Hi,
I am trying to build a model for DESeq2 analyses. In past I have done simpler version of analyses where the model was not so complicated. I have few questions and I will sincerely appreciate if someone from his/her experience can answer them (ofcourse the answers from Micheal Love are very Welcome).
So I have a metadata that has Gender (M/F), BMI(H/OB), AGE(Y/O), DiseaseScore(I/S) STATUS(DR/DNR/PR/PNR)
When I keep things simpler in my metadata like the above where all my categorical variables have only two binary outcomes and build a model like below
Here I am trying to control age, gender, bmi etc effect on my data analyses and at the same time get the interaction between STATUS (DR) and BMI,
dds <- DESeqDataSetFromMatrix(countData=cts,colData=meta,design=~ Batch + AGE + Gender + BMI + DiseaseScore + STATUS +
BMI:STATUS
The above code works fine. However, when I introduce three outcomes for BMI like (H/OW/OB) I get an error
converting counts to integer mode
Error in checkFullRank(modelMatrix) :
the model matrix is not full rank, so the model cannot be fit as specified.
One or more variables or interaction terms in the design formula are linear
combinations of the others and must be removed.
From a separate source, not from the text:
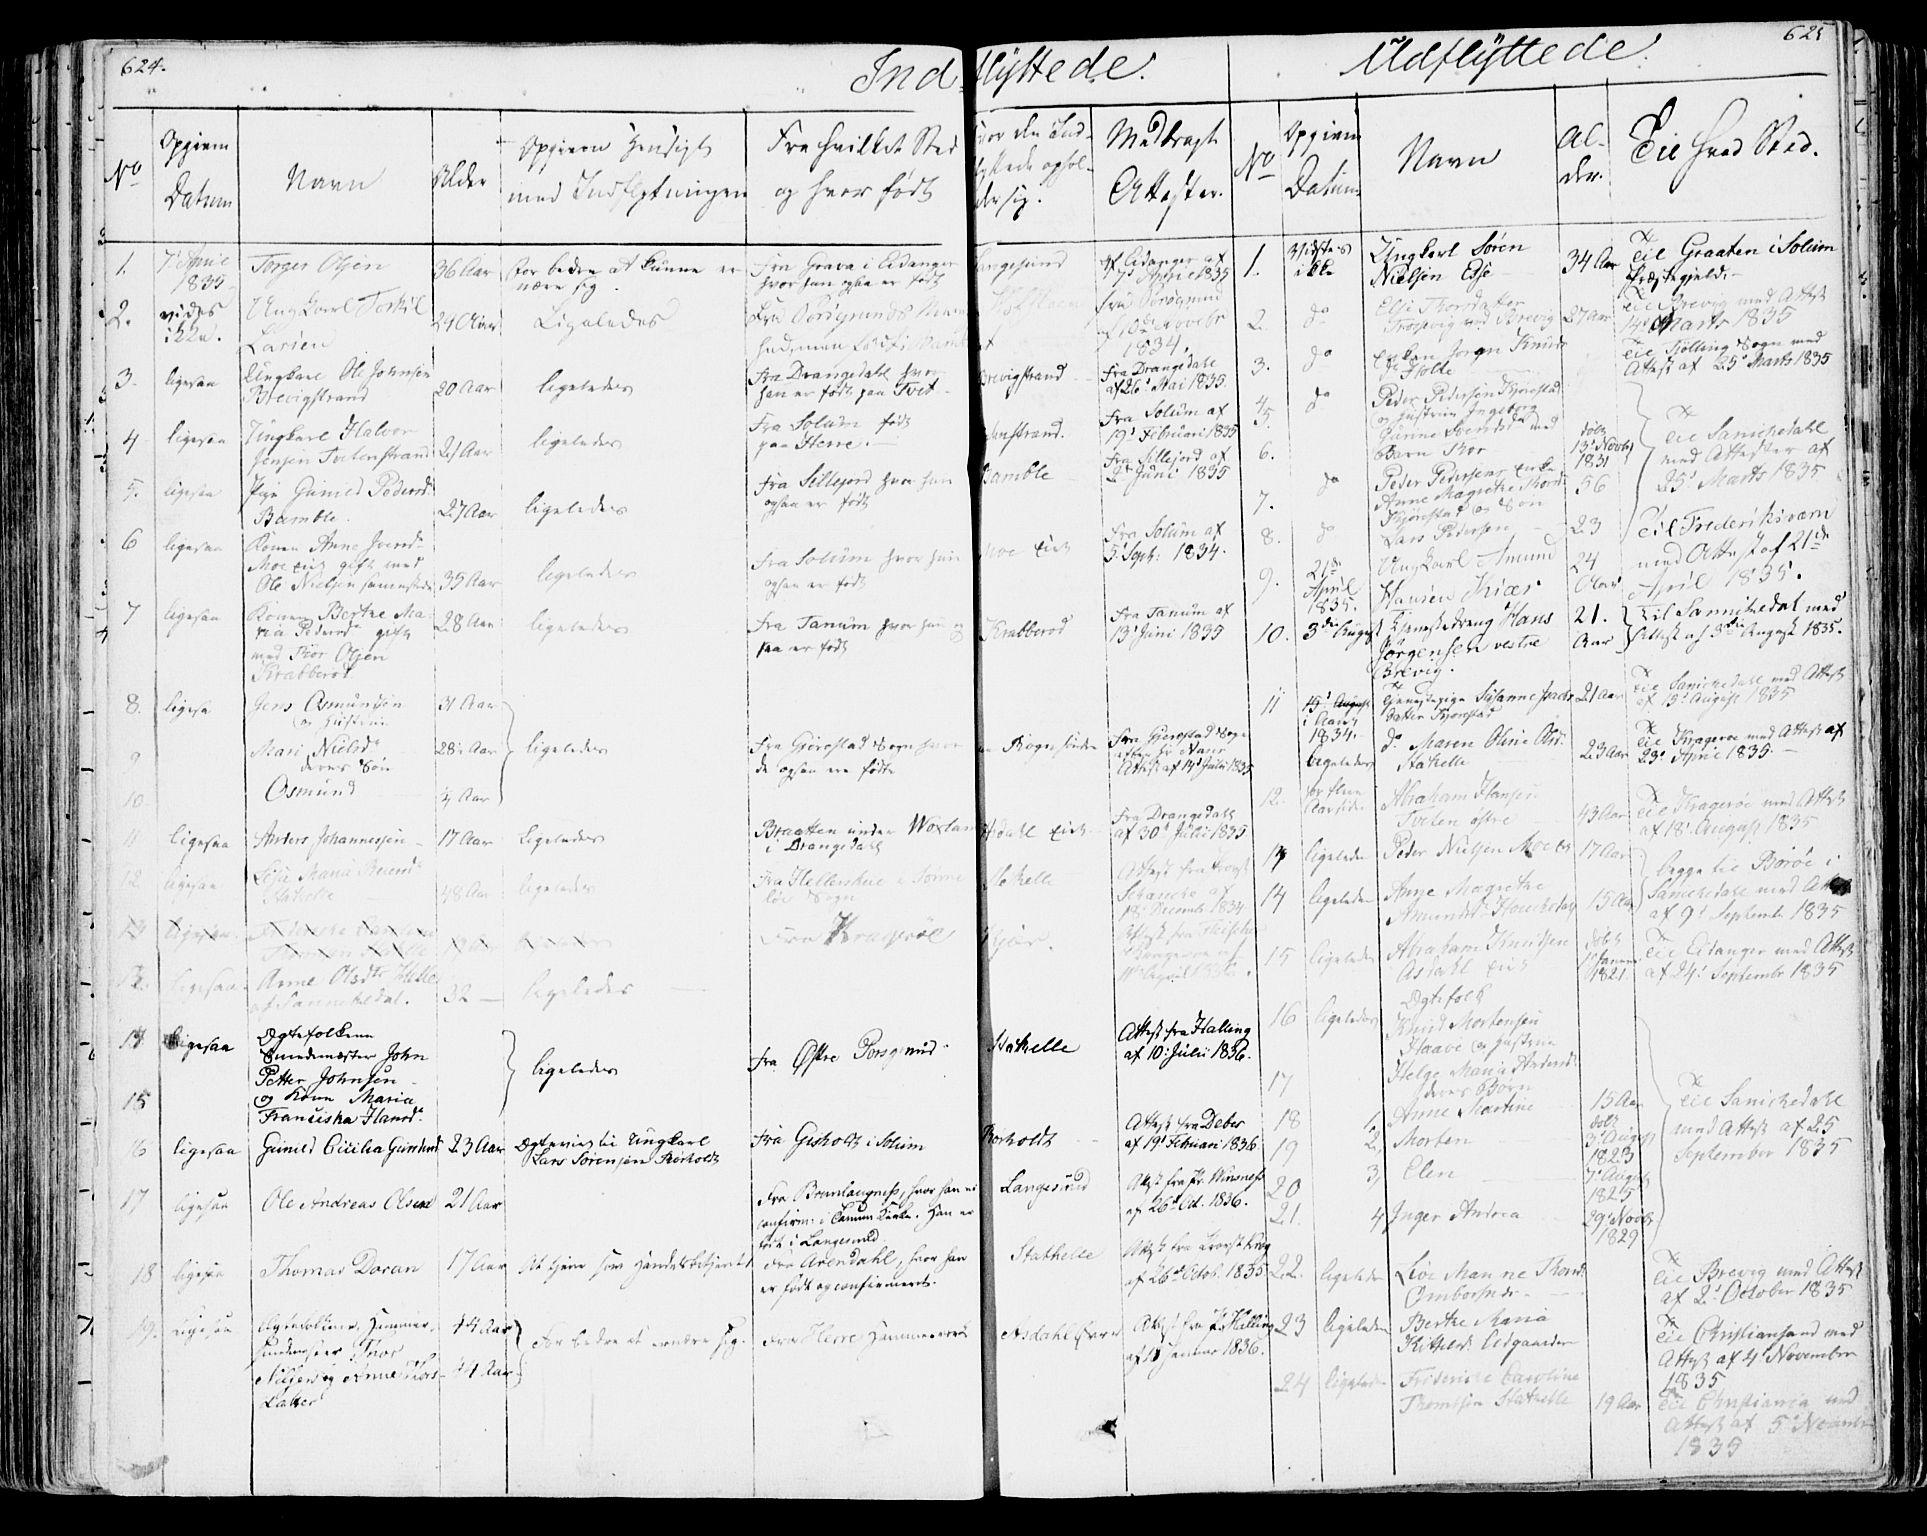 SAKO, Bamble kirkebøker, F/Fa/L0004: Ministerialbok nr. I 4, 1834-1853, s. 624-625

Please read the vignette section 'Model matrix not full rank':
vignette('DESeq2')
In addition: Warning message:
In DESeqDataSet(se, design = design, ignoreRank) :
some variables in design formula are characters, converting to factors
I looked into the manual and also some of the related questions but I am unable to get my head around:-
Q1. why it is not working with three or more outcomes for a metadata column and what can I do to fix the code?
Once the model runs with the above code where I do not make things complicated and keep the metadata columns with only 2 outcomes with following commands.
dds=DESeq(dds,test="LRT", reduced=~Gender+Batch+BMI+DiseaseScore)
resultsNames(dds)
[1] "Intercept" "Batch_II_vs_I" "Batch_III_vs_I" "Batch_IV_vs_I"
[5] "Batch_V_vs_I" "Batch_VI_vs_I" "Batch_VII_vs_I" "AGE.2_Y_vs_O"
[9] "Gender_M_vs_F" "BMI_H_vs_F" "DiseaseScore_G_vs_B" "STATUS_DR_vs_DNR"
[13] "STATUS_PNR_vs_DNR" "STATUS_PR_vs_DNR" "BMIH.STATUSDR" "BMIH.STATUSPNR"
[17] "BMIH.STATUSPR"
Now to get the DEGs between DR vs DNR I use following line of code. The aim is to get difference between DR vsDNR for BMI's that are in H group.
res.h=results(dds, contrast=list(c("STATUS_DR_vs_DNR","BMIH.STATUSDR"))
Q2 Is this the right approach?
Q3. How can I get the DEGS between DR vs DNR BMI's that are in F group (I do not see BMIF....... in resultNames(dds))?
Thank you in advance for your time .
As asked, here is a snapshot of metadata
STATUS Batch Gender AGE BMI DiseaseScore
PNR III M Y H B
PNR III M Y H G
PNR III M Y H B
DNR IV M Y H B
PR IV M O F G
PR I F Y H G
DNR V F O F B
DR II F Y H G
PNR V M Y H B
DNR V M Y H G
DR I M Y H B
DR I M Y H B
DR I M Y F G
PNR VI F Y H B
DNR I M Y H G
PR III M O H G
DNR I M Y H G
As a note when I incorporate DiseaseScore (which has binary outcome), I get an error as stated above.
The question has been updated, I do not understand how it is nested? and if it is then how can I fix it?